About

The overall objective of this project is to develop a novel approach to storm-avoidance aircraft trajectory optimization that combines optimal control techniques with imitation learning. The hypothesis it that the ideal manoeuvres to avoid the cells of a storm can be learned from demonstrations, which in this context, are storm-avoidance trajectories predicted by analyzing real storm-avoidance trajectories, rather than determined using pure aircraft trajectory optimization techniques. Both the prediction of the aircraft trajectory to avoid storms and its optimisation will be carried out based on the predicted evolution of storms using artificial intelligence techniques. The problem will be solved in the 3D space, i.e., the optimized storm-avoidance trajectories will have three spatial components plus time.

STORM-ATS

Subproject 1 (PID2021-122323OB-C31)

The storm-avoidance aircraft trajectory optimization method developed in Subproject 1 combines imitation learning with optimal control and, besides the weather forecast, it considers multiple aircraft described by precise dynamical models, the operational constraints, and all the uncertainties of the problem. It additionally allows a probabilistic upper bound on the risk of encountering a cell of a storm to be included in the formulation to take into account the risk aversion of the pilots. It is also endowed with decision-making capabilities to solve possible contingencies.
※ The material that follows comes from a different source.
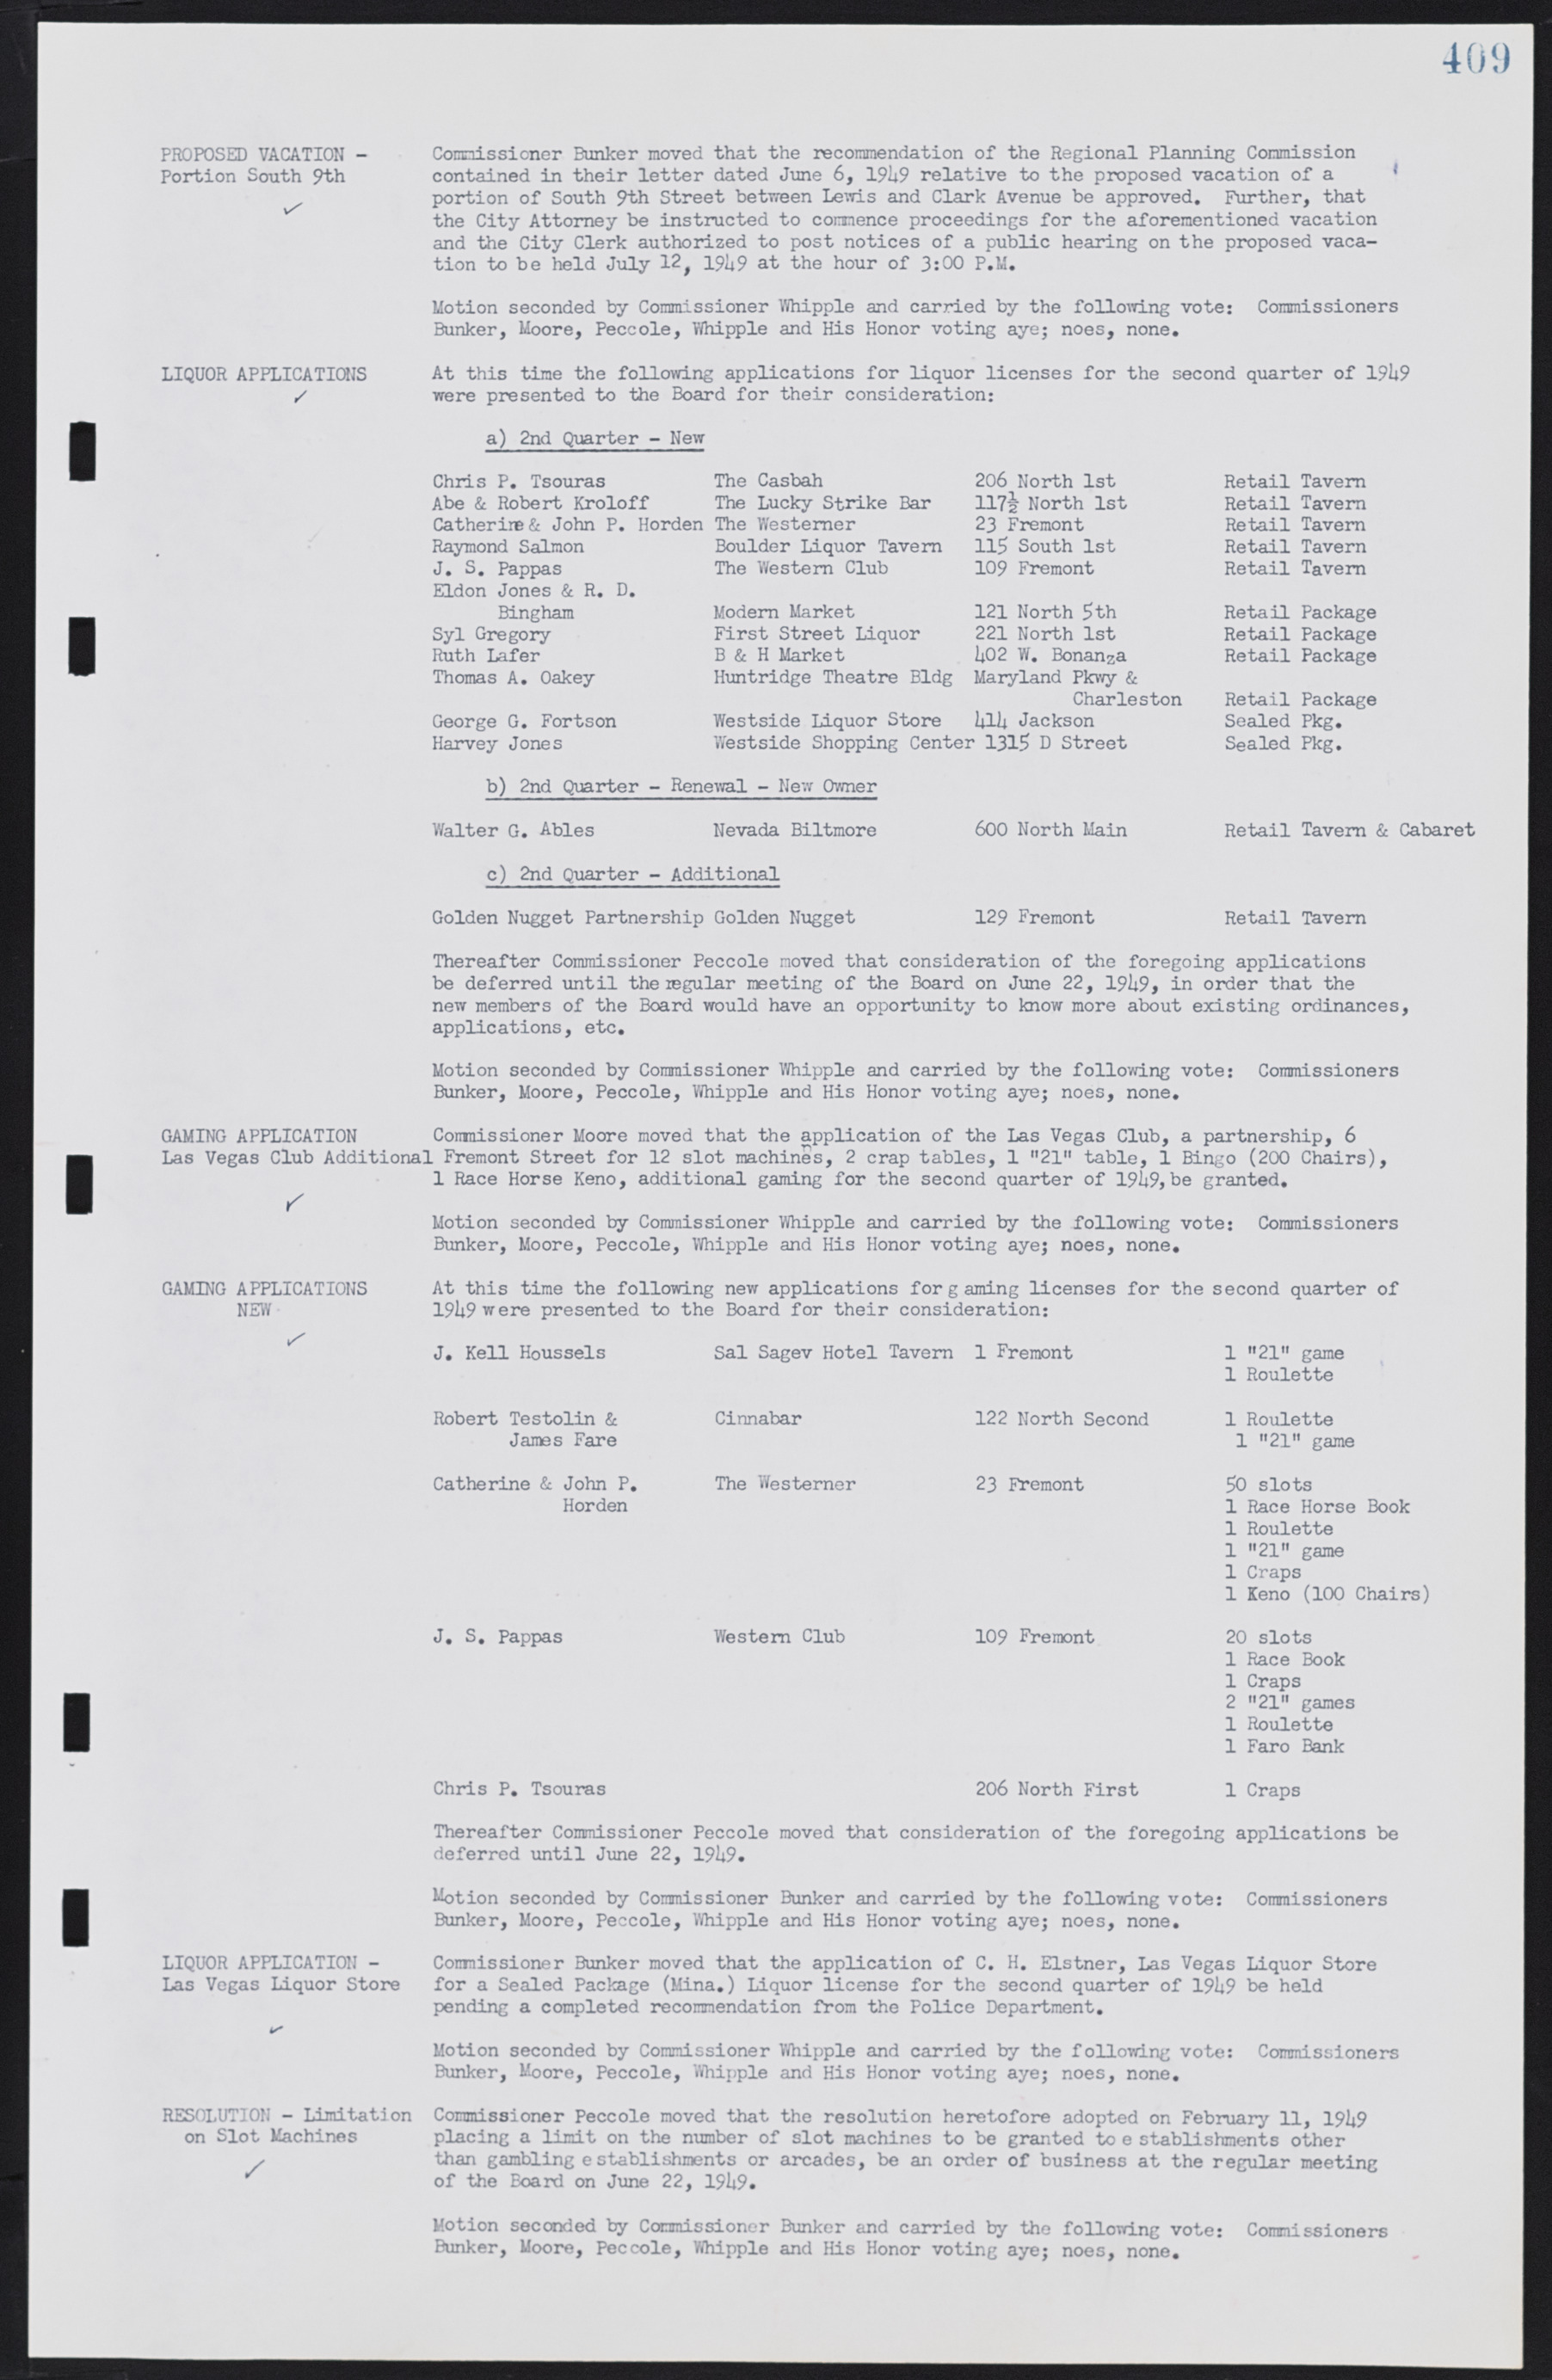 Las Vegas City Commission Minutes, January 7, 1947 to October 26, 1949, lvc000006-439
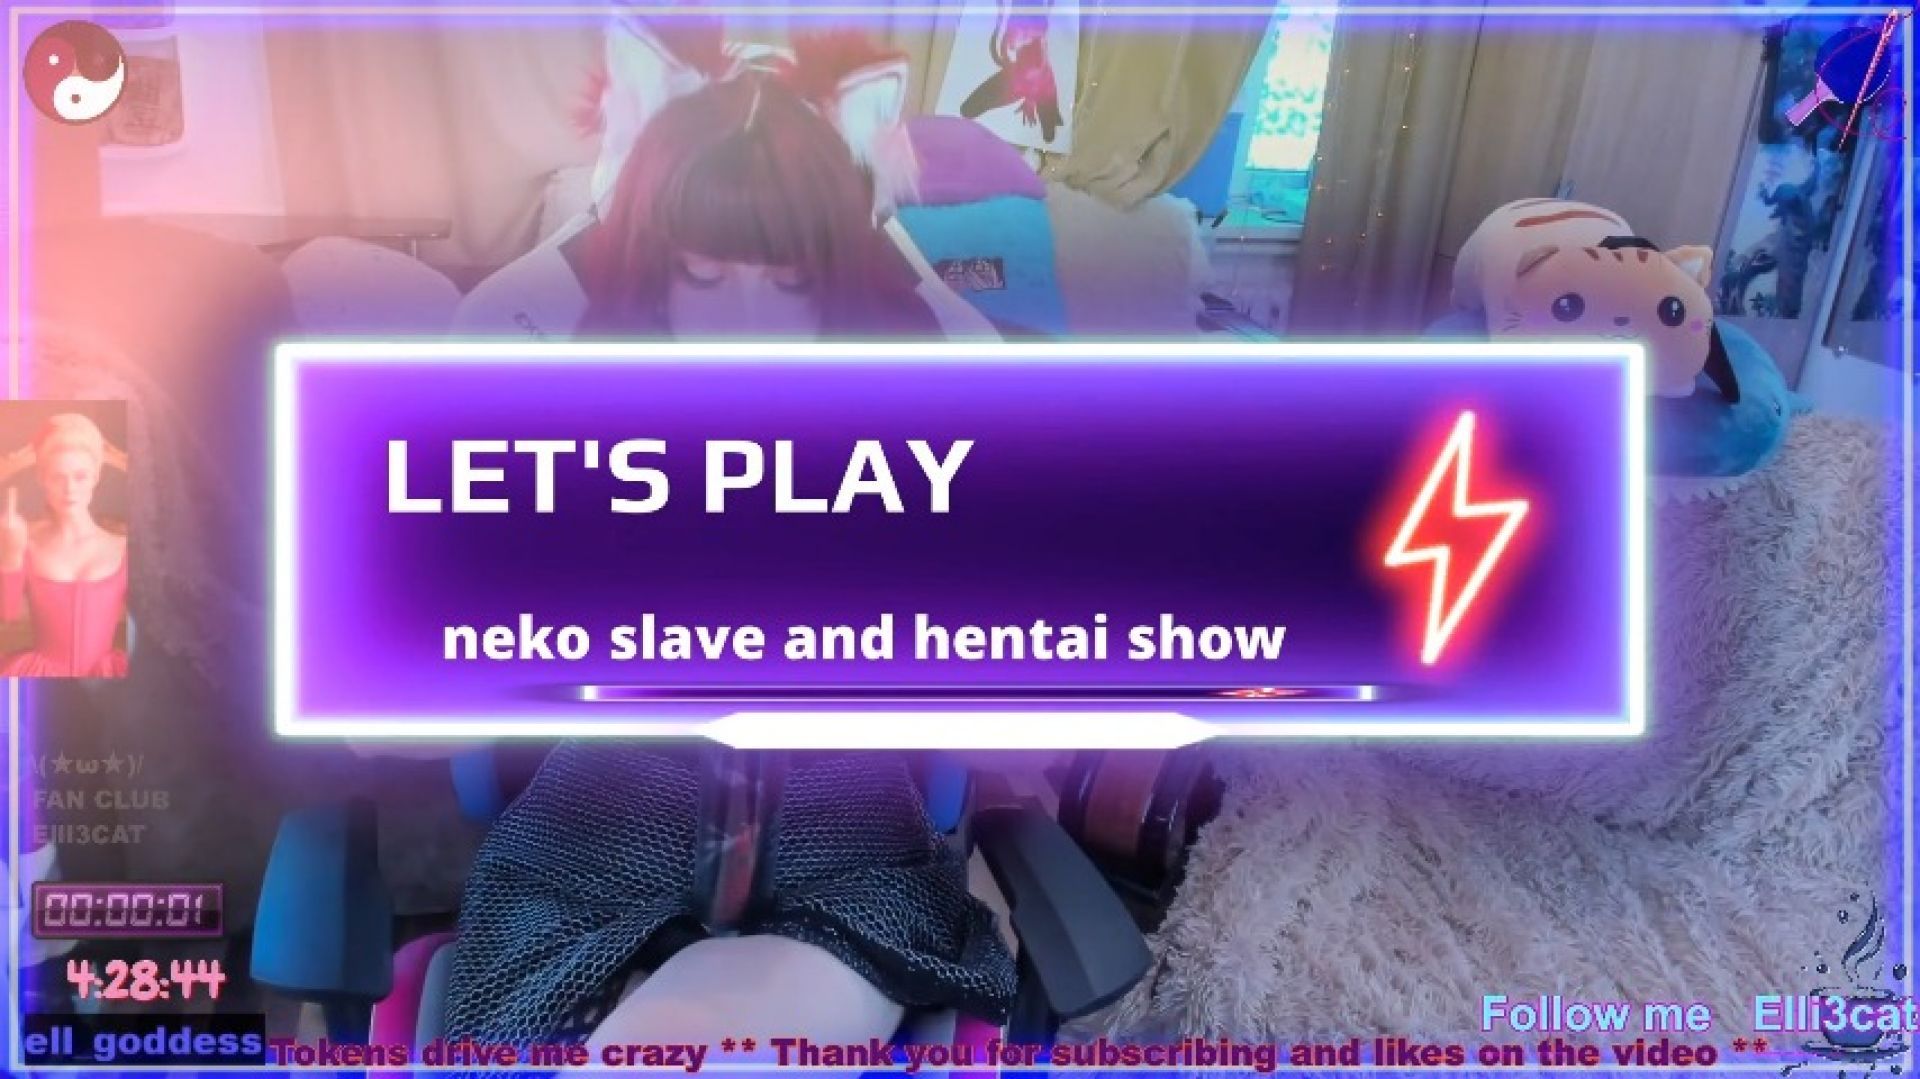 NEKO SLAVE AND HENTAI SHOW

Subproject 2 (PID2021-122323OB-C32)

Two different storm-avoidance aircraft trajectory prediction methods will be developed in Subproject 2, one for the short-term time horizon (0-2 hours) and another one for the long-term time horizon (beyond 2 hours). Several factors are considered in the short-term aircraft trajectory prediction method, such as the three-dimensionality of the weather phenomena, the inherent uncertainty of the weather forecasts -which are in this case ensemble nowcasts-, the uncertain storm-avoidance strategies, and the uncertainty in the take-off time of those aircraft that are on-ground at the time of the prediction. The same factors are considered in the long-term aircraft trajectory prediction method, except the weather forecasts, which in this case are ensemble prediction systems. One important aspect in this case is to establish the probabilistic relationship between the expected trajectory deviations and the convection indicators provided by the ensemble prediction systems.

Subproject 3 (PID2021-122323OB-C33)

In Subproject 3, numerical weather predictions and machine learning techniques will be used to generate different predictions of the evolution of the storms, one for the short-term time horizon (1-2 hours), and another one for the long-term time horizon (up to 36 hours). The hypothesis is that there is a correlation between numerical weather prediction parameters and convective weather phenomena, which will be revealed using advanced neural network architectures.

The result of this project will represent a step forward in effectively and efficiently preventing the disruptive effects of adverse weather conditions on the air transport system, while maintaining high safety standards.